The switch S has a one-to-one correspondence with the switch S and the load L so as to individually control each load L by operation, and the pattern switch Sp and the group switch Sg collectively control a plurality of loads L. The loads L are associated with the pattern switches Sp or the group switches Sg one to one. The pattern switch Sp collectively controls a plurality of loads L so that the loads L are individually set in advance, and the group switch Sg collectively controls a plurality of loads L to the same state.

External expansion device 12 connected to the signal line Ls
As an example, the external expansion devices 11 to 13 will be described in more detail. As shown in FIG. 2, the transmission processing device 1 includes a basic processing unit 21 that performs normal transmission processing and a basic processing unit 2
1, a transmission control unit 22 for transmitting the data transmitted / received in 1 by a predetermined protocol of a time division multiplex transmission system, and a signal line L.
and a transmission / reception circuit 23 that performs signal conversion at a physical level for connecting to s. Further, although not shown, an expansion control unit for exchanging data with the external expansion devices 11 to 13 is also provided. The basic processing unit 21, the transmission control unit 22, and the expansion control unit are configured by a microcomputer that operates according to a program as appropriate. Here, the transmission / reception circuit 23 sends out a pulse-width-modulated voltage-mode transmission signal and receives a current-mode return signal.
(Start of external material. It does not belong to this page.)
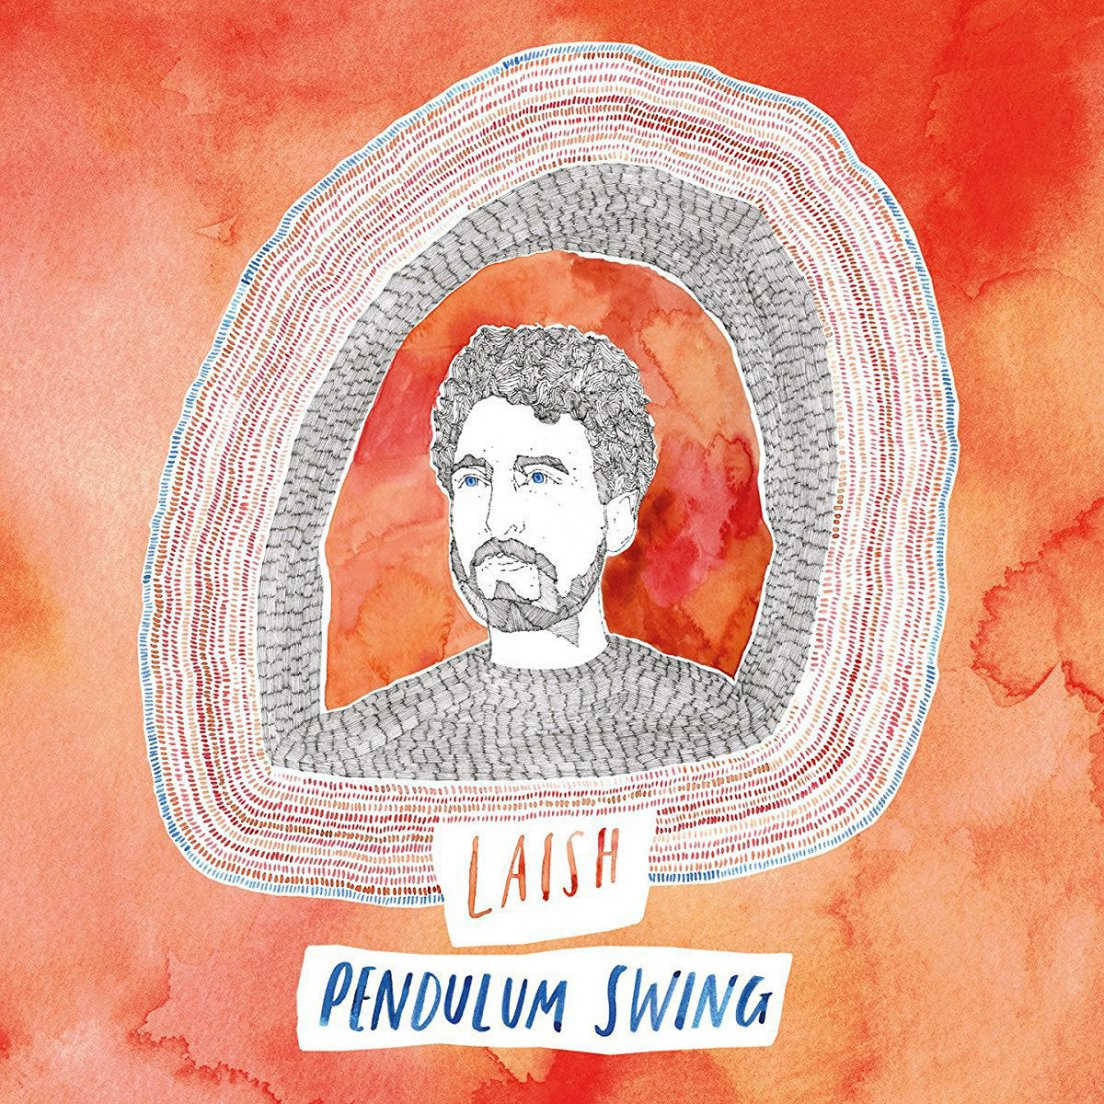 Laish - Pendulum Swing
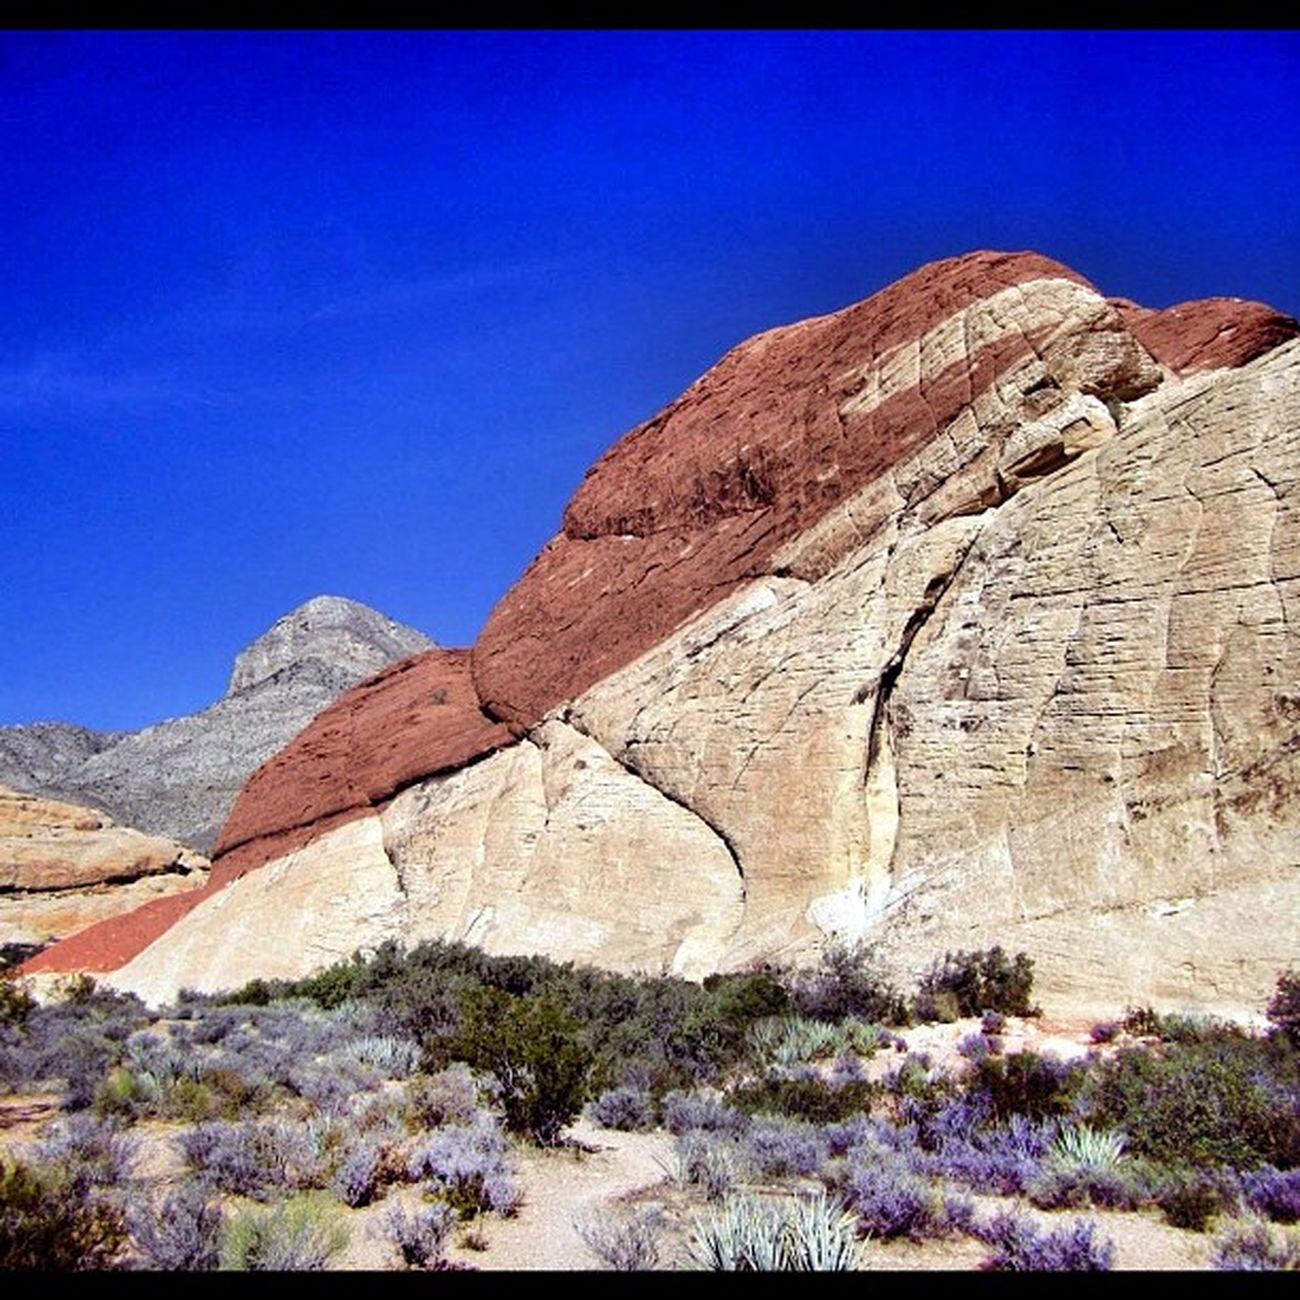 Red Rock Canyon #redrock #canyon #outdoors #desert #nevada #lasvegas #rock #wilderness #usa #travel #honktravel Desert Travel USA Outdoors Rock Wilderness Nevada Canyon Redrock Lasvegas Honktravel

On the other hand, the external expansion device 12 includes the basic processing unit 2
1, an extension processing unit 31 that realizes an extension function, a transmission control unit 32 that controls a transmission procedure so that data can be exchanged by a predetermined protocol, an operation terminal 2 or a control terminal 3 In the same manner as above, a transmission / reception circuit 33 having an address and connected to the signal line Ls is formed. Therefore, when an instruction is given from the external expansion device 12 to the transmission processing device 1, the transmission / reception circuit 33 generates an interrupt signal Vi to the transmission processing device 1 in the same manner as the operation terminal 2, and then the expansion processing is performed. The data generated by the unit 31 is returned to the transmission processing device 1. Transmission processing device 1
Then, when the data is received, it is known from the address that the data is from the external expansion device 12, so the data is processed separately from the data from the operation terminal 2 and the control terminal 3. That is, the data from the external expansion device 12 is input to the expansion control unit and is processed with priority over the data from the operation terminal device 2 and the control terminal device 3. For example, if the expansion processing unit 31 of the external expansion device 12 is set to have a function of turning on a specific load L at a specific time, when the time measured by the expansion processing unit 31 reaches the specific time, By instructing the transmission processing device 1 to turn on the load L, the instructed load L is turned on regardless of the operation of the switch S or the like.
When the load L is turned on, the operation confirmation return signal is returned to the transmission processing device 1. Therefore, if this return signal is returned to the external expansion device 12, the target load L is returned to the external expansion device 12. It is possible to recognize whether or not it is turned on.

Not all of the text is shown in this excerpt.